Readers’ Interpretation and Recontextualization of Fitzgerald’s The Great Gatsby
Abstract
Readers’ Interpretation and Recontextualization of Fitzgerald’s The Great Gatsby. The objectives of the study are to know Daisy’s love to Tom and Gatsby through readers’ interpretation and recontextualization of The Great Gatsby in order to reveal the construction of the interactional positioning of the readers.
The method employed is field work by observing the students’ interpretation of the topic. The main theme is taken from the novel which is then formulated in the questions to be discussed by 5 (five) out of twenty students or respondents of the novel text. The result is the production of a number of utterances to interpret the textual data of the novel. It is these utterances or the talk of the students that are taken to be the sources of data. The utterances produced are analyzed and reinterpreted.

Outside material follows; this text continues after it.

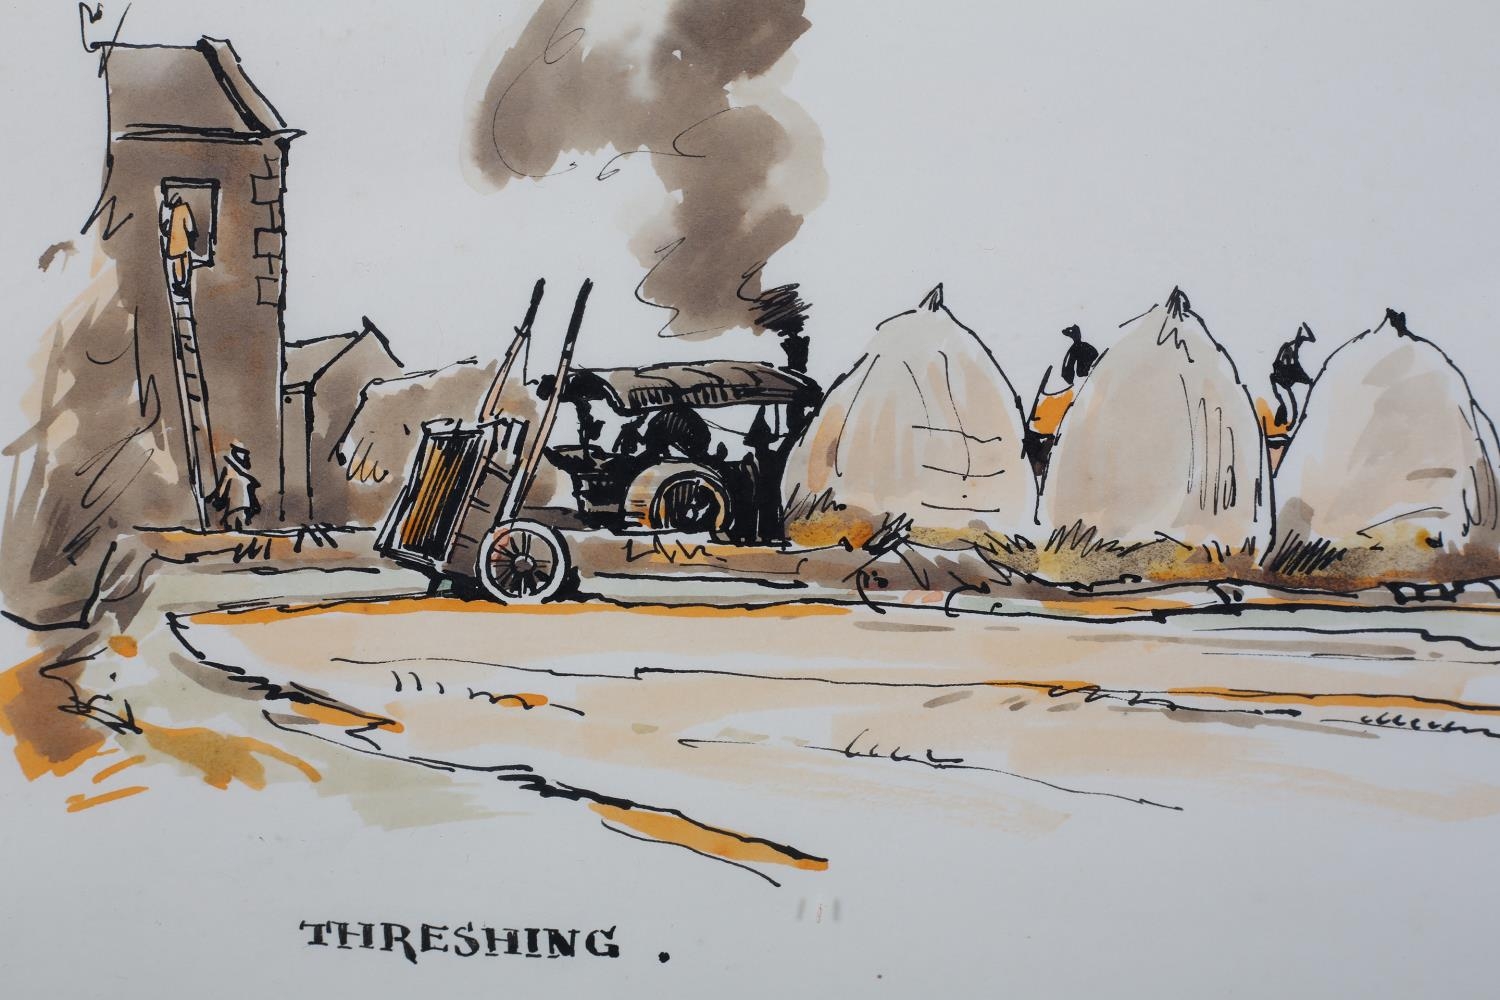 ARR FRED LAWSON (1888-1968), Threshing no. 83 from the artist's 'Book of Drawings' 1935, - Image 3 of 4
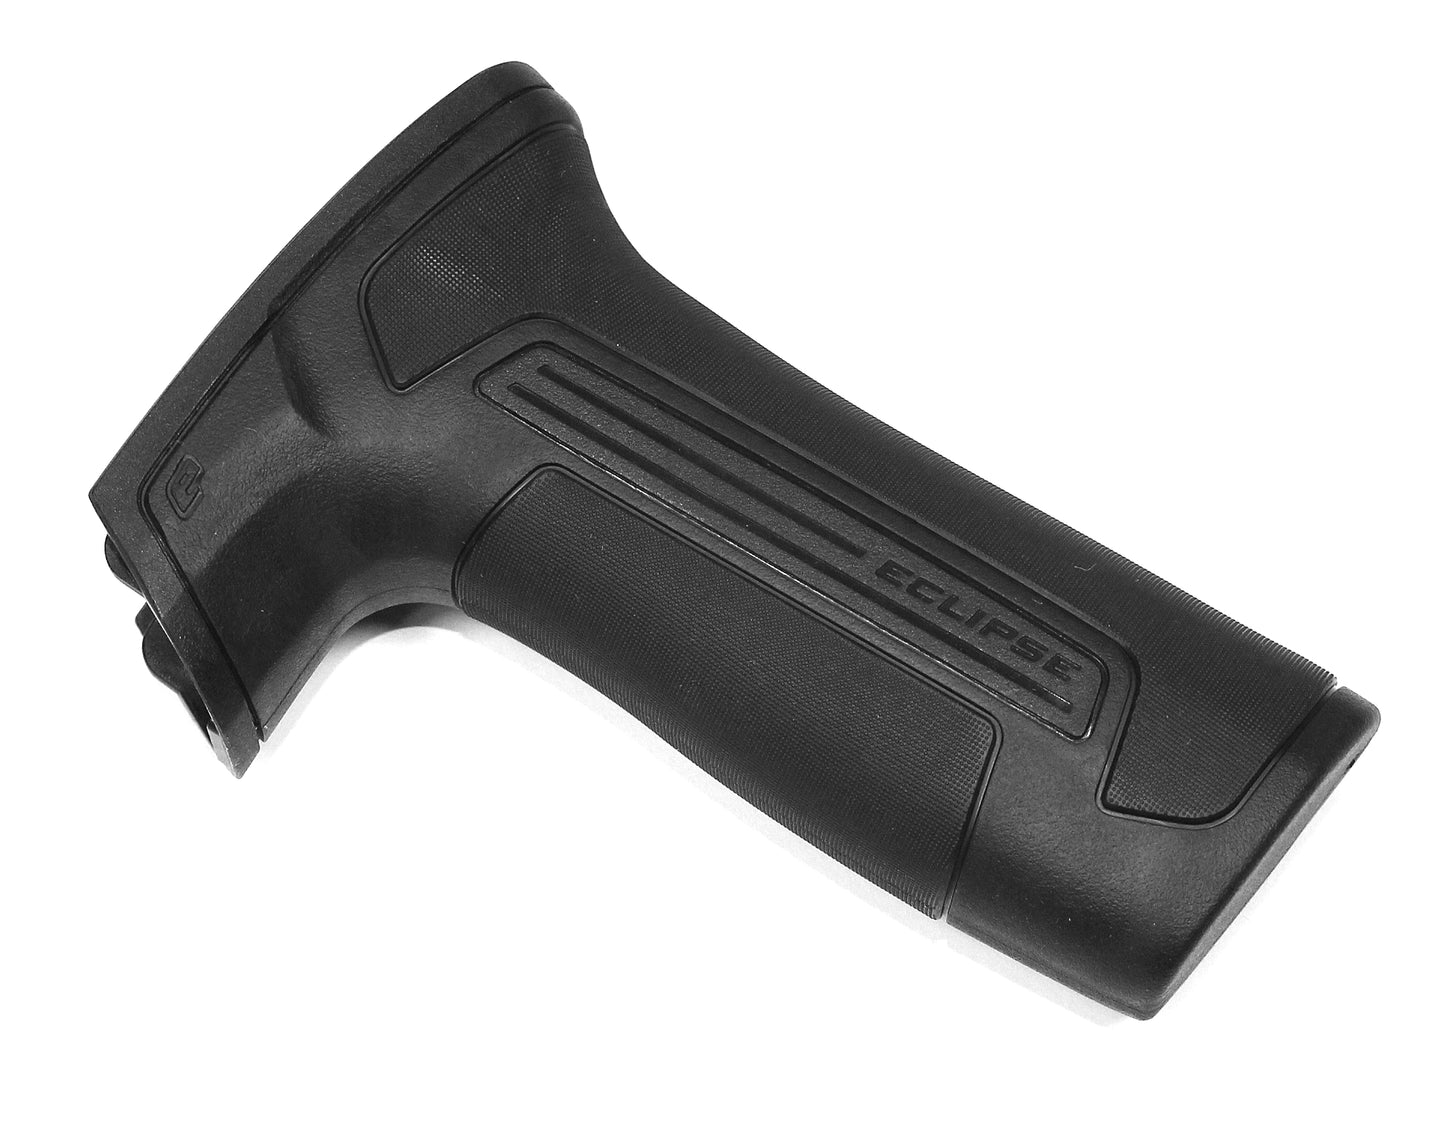 Eclipse CS2 Foregrip Assembly v2

The results of the analysis are that there occurs indexical effect of the novel on the real readers, or in the interactional positionings of the readers. Using functional semiotics to analyze the readers’ utterances, the data are considered analyzed at three distinct but interconnected textual levels: denotational text, meditational text, and interactional text. Through this analysis, it is found that the novel has an idexical effect on grouping the readers into two. The social relations that are constructed in the novel between Daisy and Gatsby and Tom, for example, is transferred into the social relations between real readers symbolized by pure love vs. fake love. This is the creation of interactional positioning.
Key words: Reader response, interpretation, indexical semiotic, denotational text, mediational text and interactional text.